**Data below**
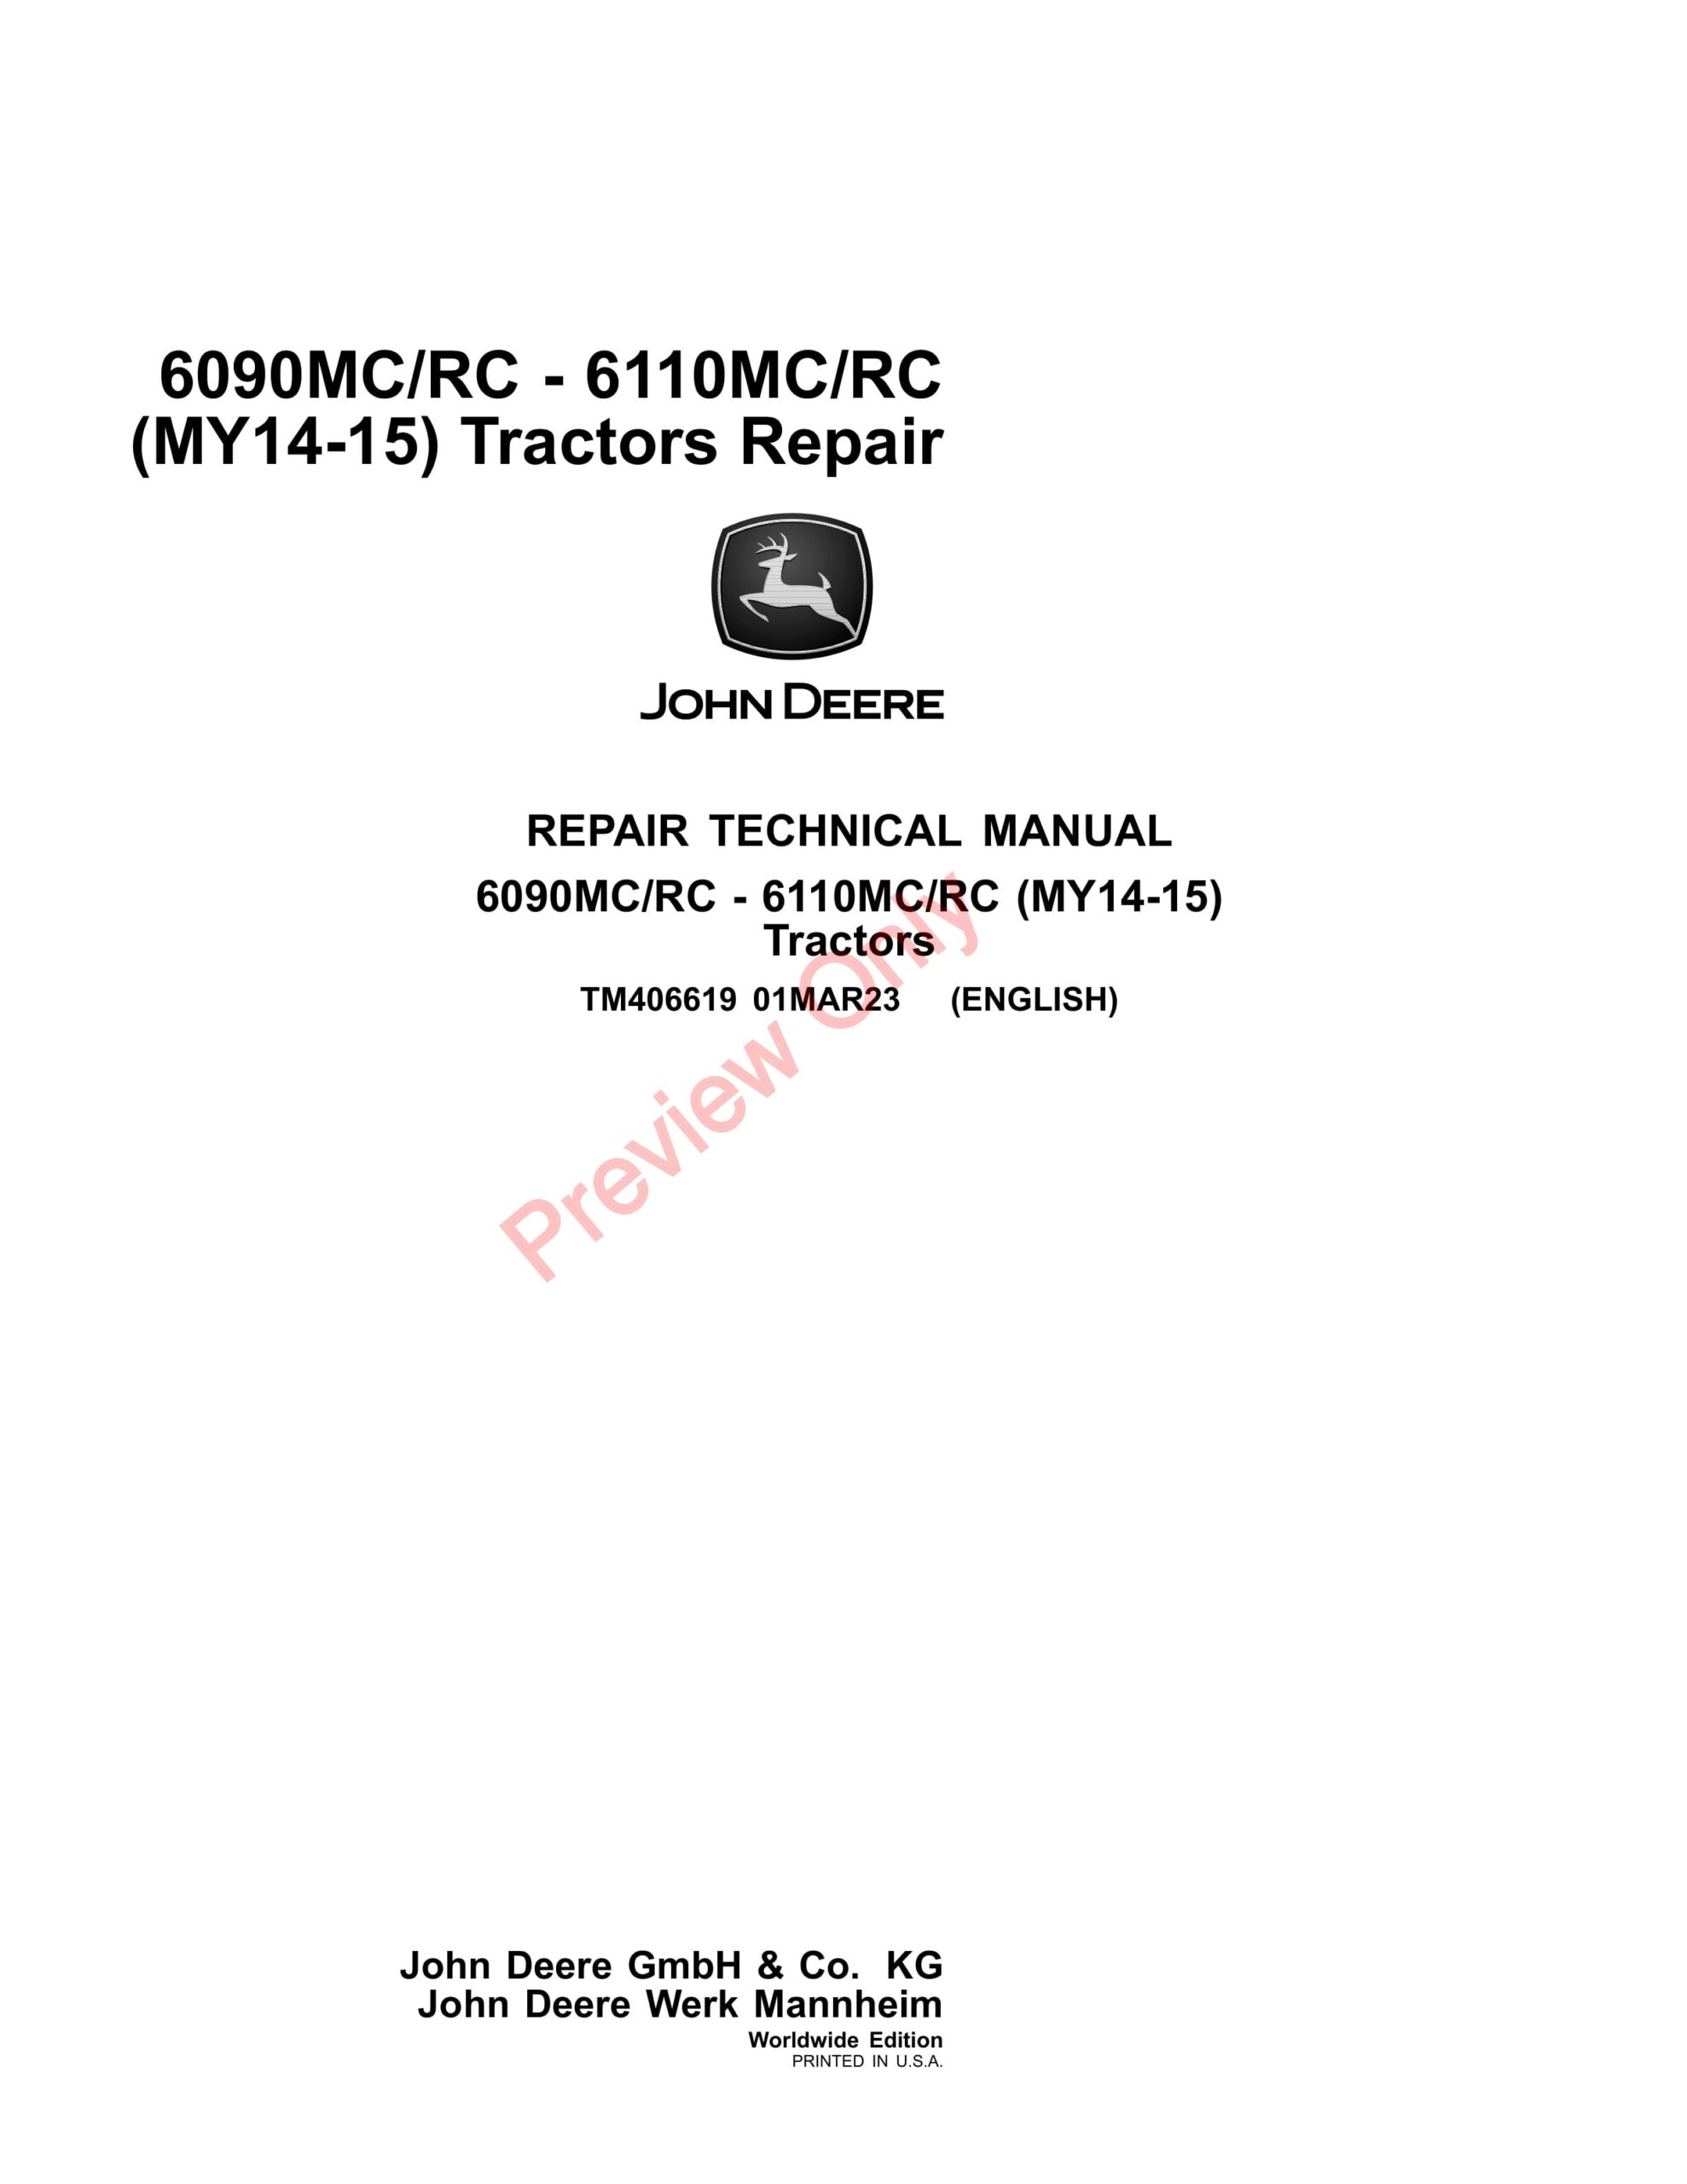 John Deere 6090MCRC – 6110MCRC (MY14-15) Tractors Repair Technical Manual TM406619 01MAR23-1
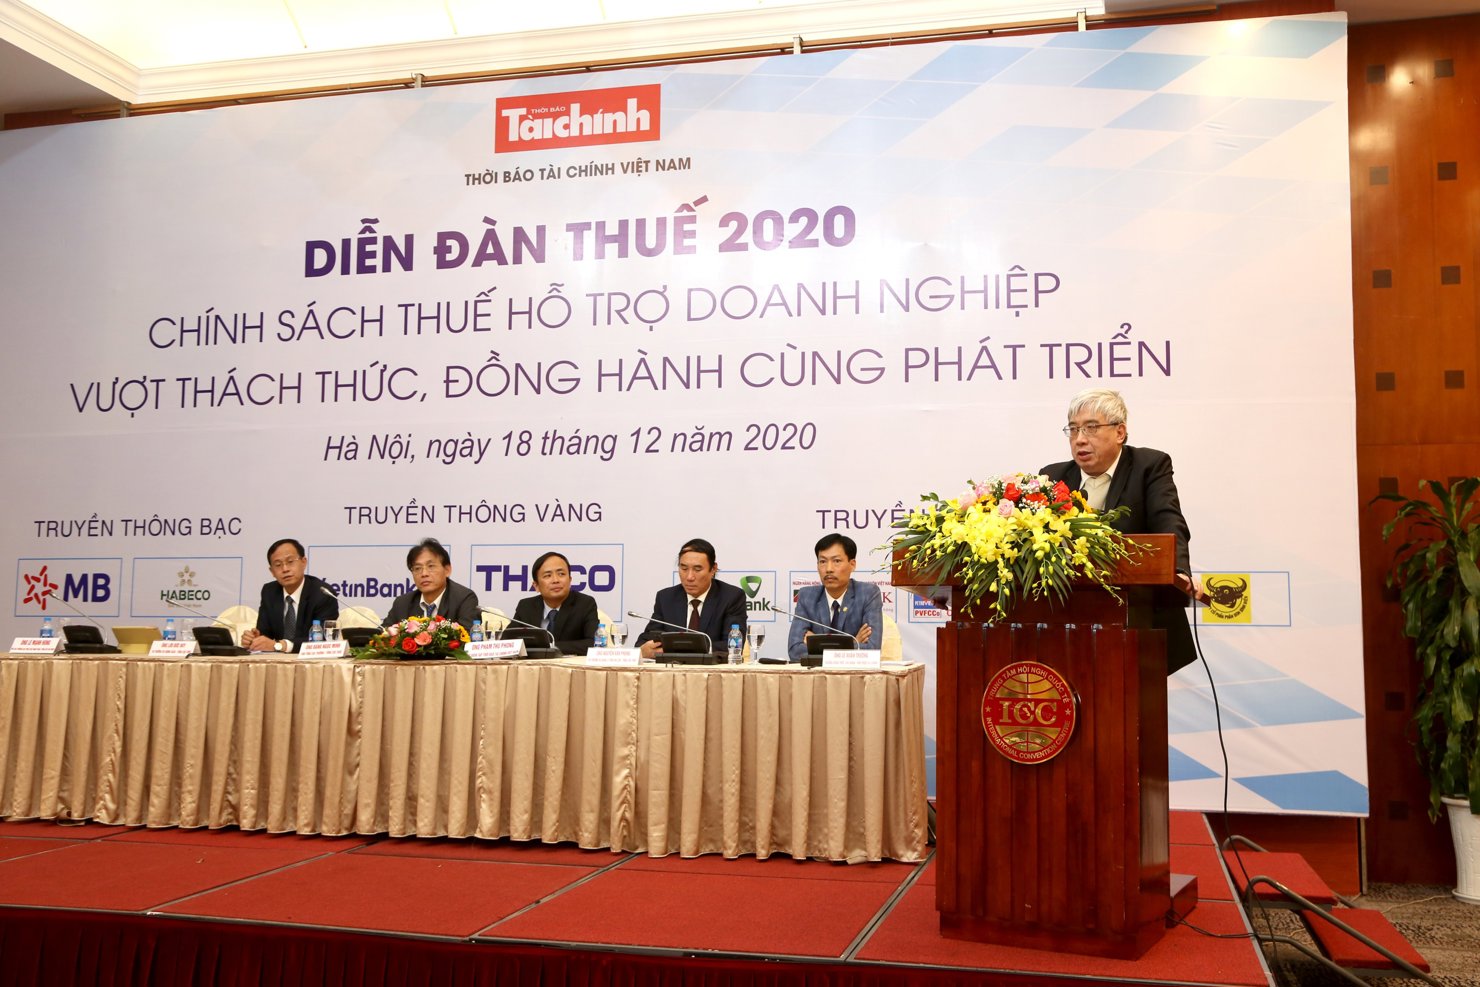 Ông Lê Mạnh Hùng - Phó Cục trưởng Cục Thuế Xuất nhập khẩu (Tổng cục Hải quan) phát biểu tại Diễn đàn Thuế 2020 sáng ngày 18/12/2020.
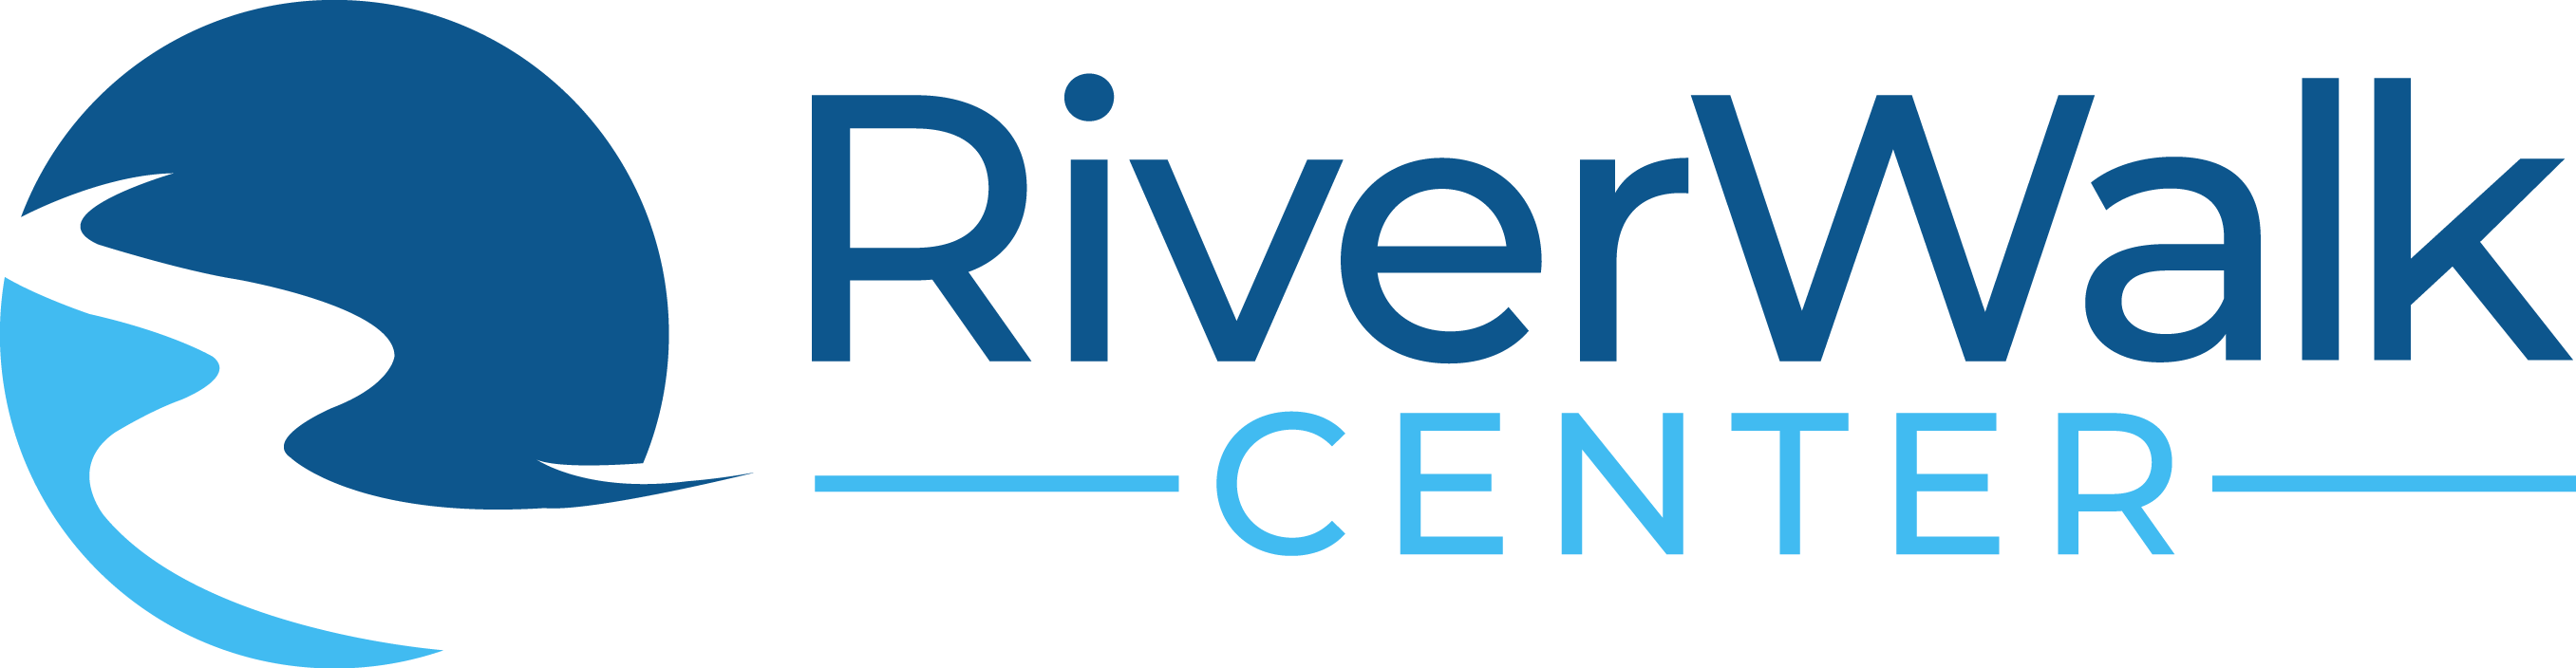 RiverWalkCenter
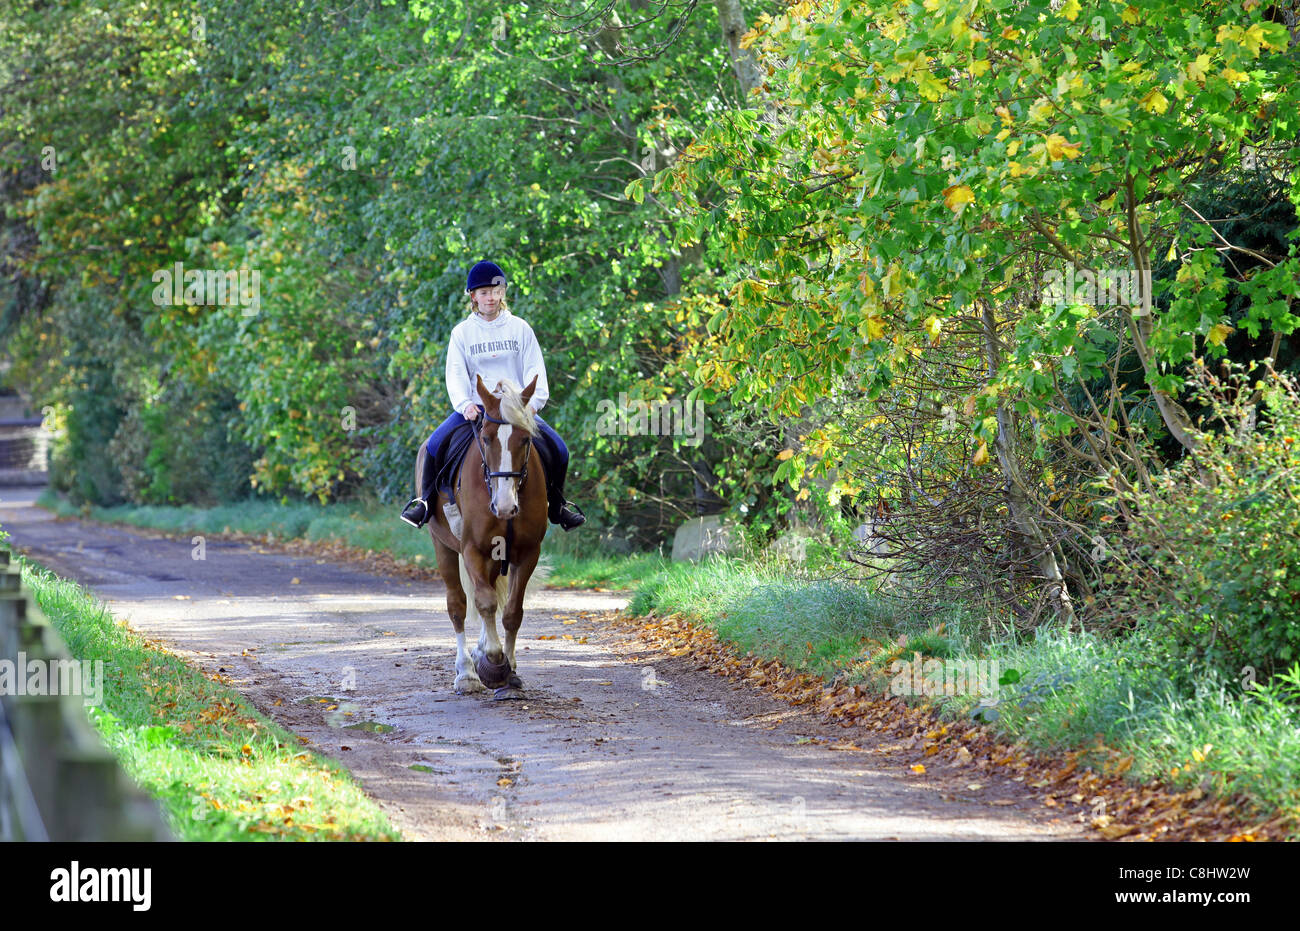 Woman riding horse dans le village de Deeside Bieldside près d'Aberdeen, Écosse, Royaume-Uni Banque D'Images

**Work request**
Restate word for word the lines from the one with "Ông Lê Mạnh" to the end of the material, both included. Do not include the pictures.

**Task solution**
 Ông Lê Mạnh Hùng - Phó Cục trưởng Cục Thuế Xuất nhập khẩu (Tổng cục Hải quan) phát biểu tại Diễn đàn Thuế 2020 sáng ngày 18/12/2020.
 RiverWalkCenter
 Woman riding horse dans le village de Deeside Bieldside près d'Aberdeen, Écosse, Royaume-Uni Banque D'Images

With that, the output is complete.